Do you use the quadril cover? "Of course. Here it is known as picaña, tapilla, or hip corner. A muscle close to the tail that we cut into fillets of 400 grams vertically, quite the opposite, to conventional cuts. Pieces of pleasant texture and a lot of flavor".

Vacuum crescent, in an image provided by Piantao.Peter Marconi

In September 2019, Javier Brichetto opened Piantao Legazpi in an enclave far from the gastronomic circuits of Madrid with the only emotional plus of its proximity to the old Slaughterhouse. A neighborhood with history and distant links with the world of meat that soon became a destination for many fans. Three years later, in May 2022, it opened its second location faithful to the same spirit as the first in the Chamberí neighborhood, a contemporary steakhouse that enjoys similar success.

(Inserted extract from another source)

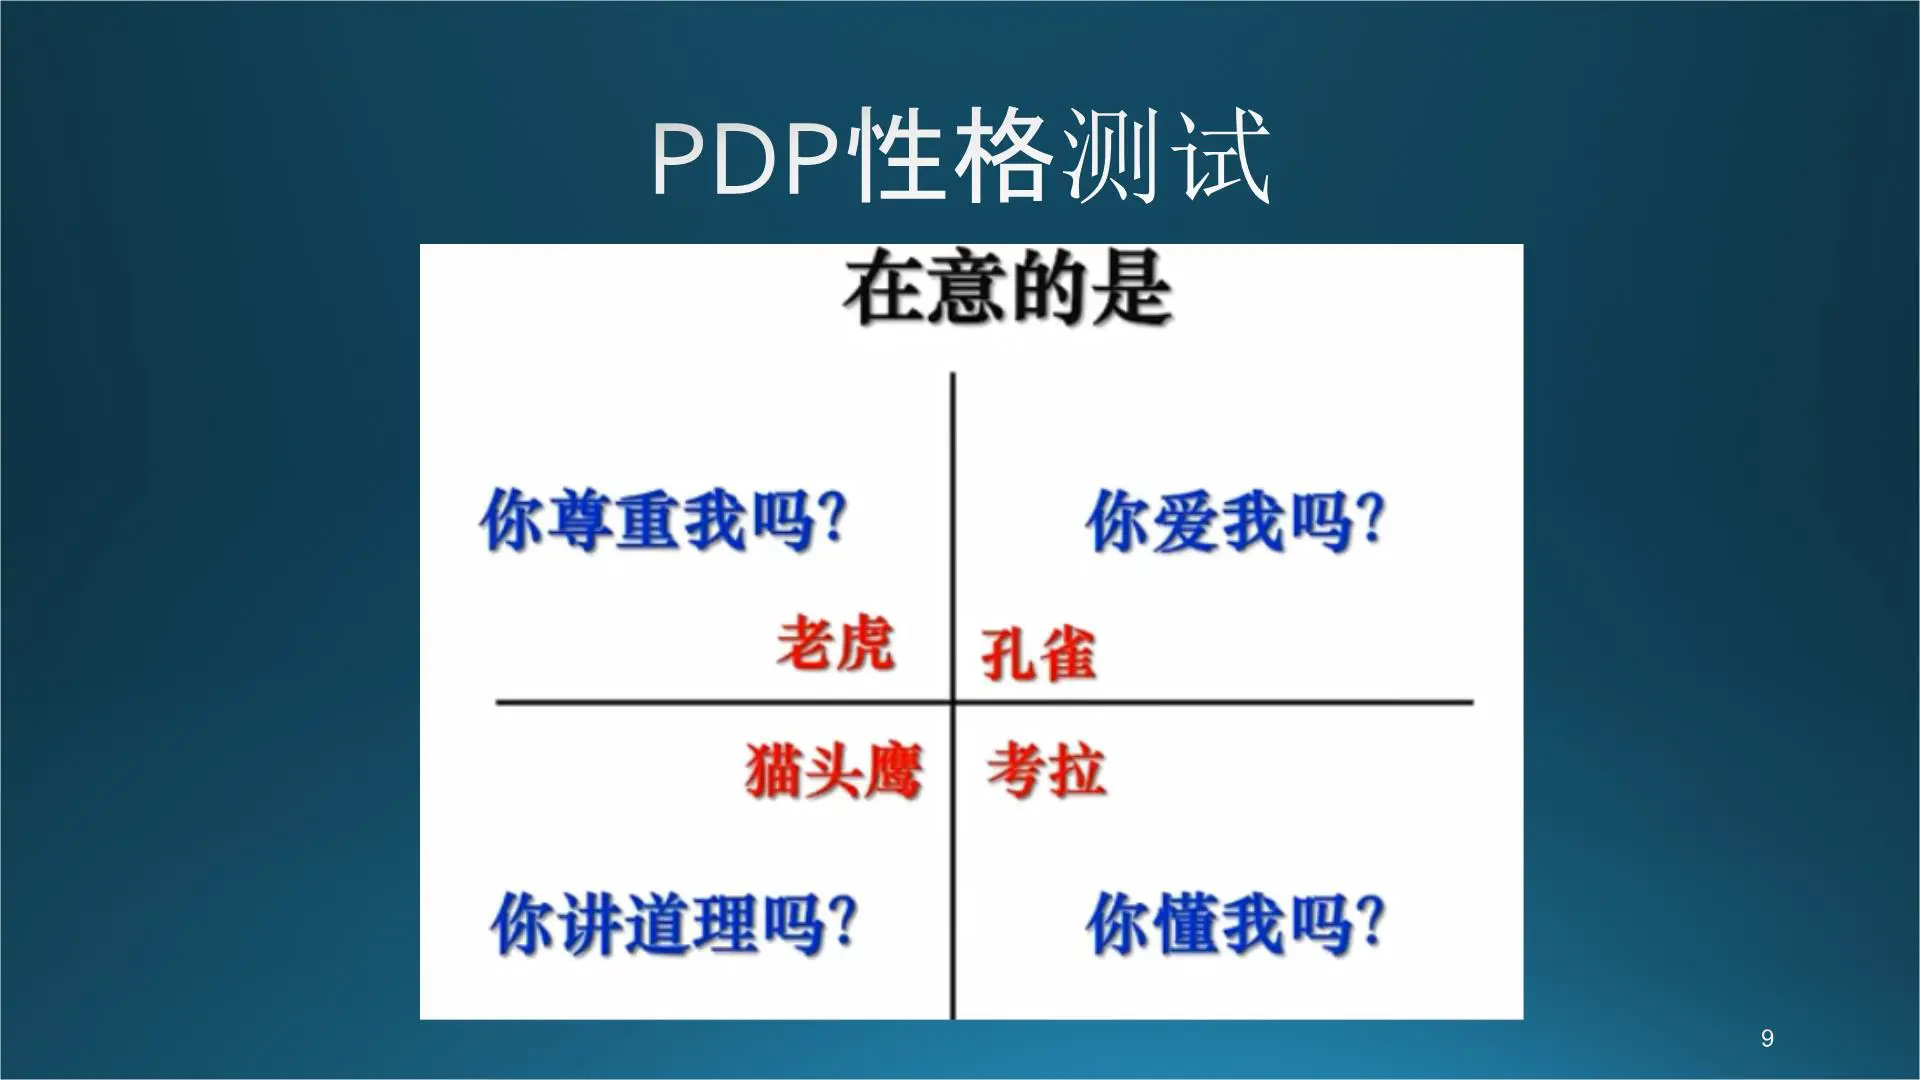 PDP性格测试培训课件插图9

When I asked him about the meaning of Piantao, he did not hesitate to answer: "It defines Argentine madness from a romantic perspective. Word that comes from lunfardo, Italian-Spanish slang of our colloquial speech. Do not forget that for a master griller the great challenge is not only to control the techniques with precision, but to master the madness of fire and embers, soul of all roasts.